From the unloaded cycling period to the end of the primary phase, the slight increase of V˙o 2 in response to the added inspiratory resistance clearly reflects the direct relationship between the Wb and V˙o 2. The subsequent increase in V˙o 2 in the slow-component period, associated with a 27% increase in the slow-component amplitude (P < 0.01), is probably more interesting. The question that should be addressed is why this additional Wb provokes a progressive rise inV˙o 2. On the basis of the lack of difference in V˙e and its factors between the two experimental conditions, one could argue that the increase in A′2 with inspiratory resistance reflects aV˙o 2 slow component specific to the respiratory muscles. The type of threshold valves used in the present study is associated with an additional work independent of the ventilation level (18). The observation of no significant difference in V˙e or the breathing pattern at the beginning and end of the V˙o 2slow-component phase (Fig. 4) when compared with control suggests that the additional work imposed on the respiratory muscles by the load was constant with time and provoked a V˙o 2slow component. This information cannot be drawn from control studies during heavy exercise because ventilation typically increases with time (and thus the Wb). On the basis of the comparison between the two experimental conditions, it seems that the respiratory muscles behave just as the muscles directly concerned by the exercise: During a constant high-intensity work rate applied to the respiratory muscles, there is also a progressive decrease in muscular efficiency.
In agreement with this hypothesis, we can note that the main conditions for the occurrence of the V˙o 2 slow component were reached for the respiratory muscles, at least in the loaded condition. First, there is little doubt that the subjects of the present study performed at a severe respiratory muscle work rate with the inspiratory resistance of 15 cmH2O, sinceV˙e reached 120 l/min (Fig. 4). Although the esophageal pressure was not measured directly to avoid invasive instrumentation, in similar conditions of heavy exercise and with an inspiratory resistance of 6–7 cmH2O, the Wb measured directly from the esophageal pressure-volume loop increased to 128–157% of the control at peak inspiration (23,24).

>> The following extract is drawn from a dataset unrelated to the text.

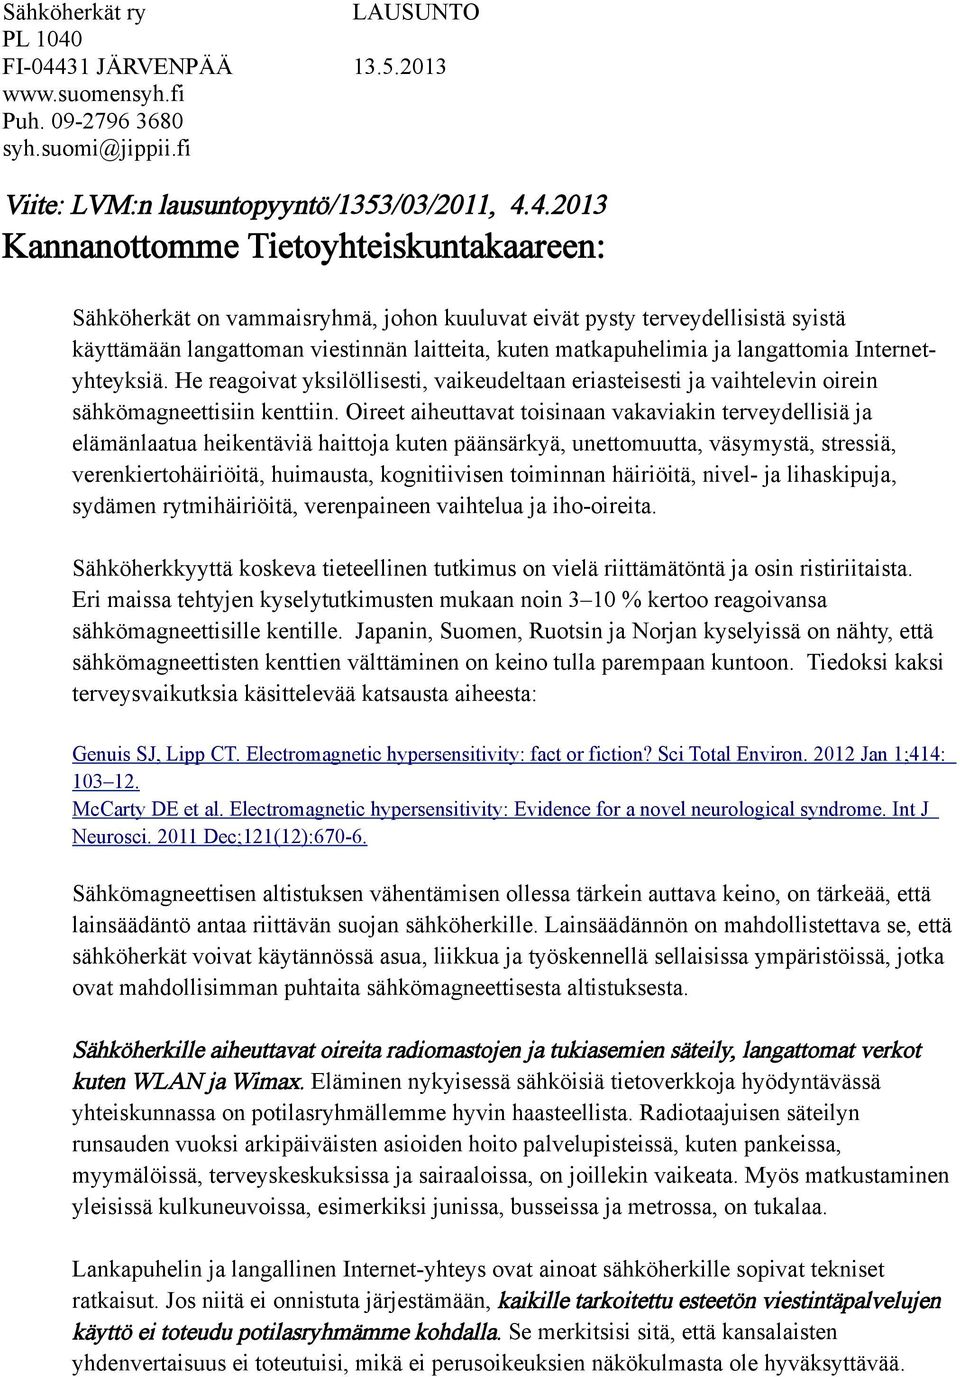 31 JÄRVENPÄÄ 13.5.2013 www.suomensyh.fi Puh. 09-2796 3680 syh.suomi@jippii.fi Viite: LVM:n lausuntopyyntö/1353/03/2011, 4.

Second, as for the lower limb muscles, the myosin heavy chain isoform composition of the respiratory muscle is mixed (34, 41). The main mechanism currently advanced to explain the slow component ofV˙o 2 (6, 7, 12), i.e., a progressive recruitment of fast-twitch fibers, cannot ruled out for the respiratory muscles. In agreement with the Henneman et al. (27) law of motor unit recruitment, the slow-twitch fibers of the respiratory muscles that are mainly engaged at the beginning of exercise are likely to progressively reach a fatigued state, and new motor units are recruited to maintain the constant power output. It is not necessary to assume that the newly recruited fibers, mainly in the fast-twitch fiber pool, are less economic because 1) the great number of required active fibers implies substantial ATPase activity at least regarding the work of the Na+-K+ and Ca2+ pumps against concentration gradients and 2) fast-twitch fibers display a higher optimal shortening velocity than slow-twitch fibers. On isolated human skeletal muscle fibers containing different myosin isoforms, He et al. (26) showed that the maximum efficiency was reached at a higher speed of shortening for the faster fibers. It follows that the newly recruited fast fibers must work in unfavorable conditions.
In conclusion, as hypothesized, the addition of inspiratory resistance provoked a proportional increase inV˙o 2 throughout exercise, supporting the role of the increase in V˙e during phase III in the development of the V˙o 2 slow component. The original finding of the present study was the marked increase (27%; P < 0.01) of theV˙o 2 slow-component amplitude with the addition of inspiratory resistance, whereas no significant differences in V˙e and ventilatory parameters were found between the two experimental conditions during phase III. It seems that the respiratory muscles behave like the limb muscles; they are likely to display a V˙o 2 slow component.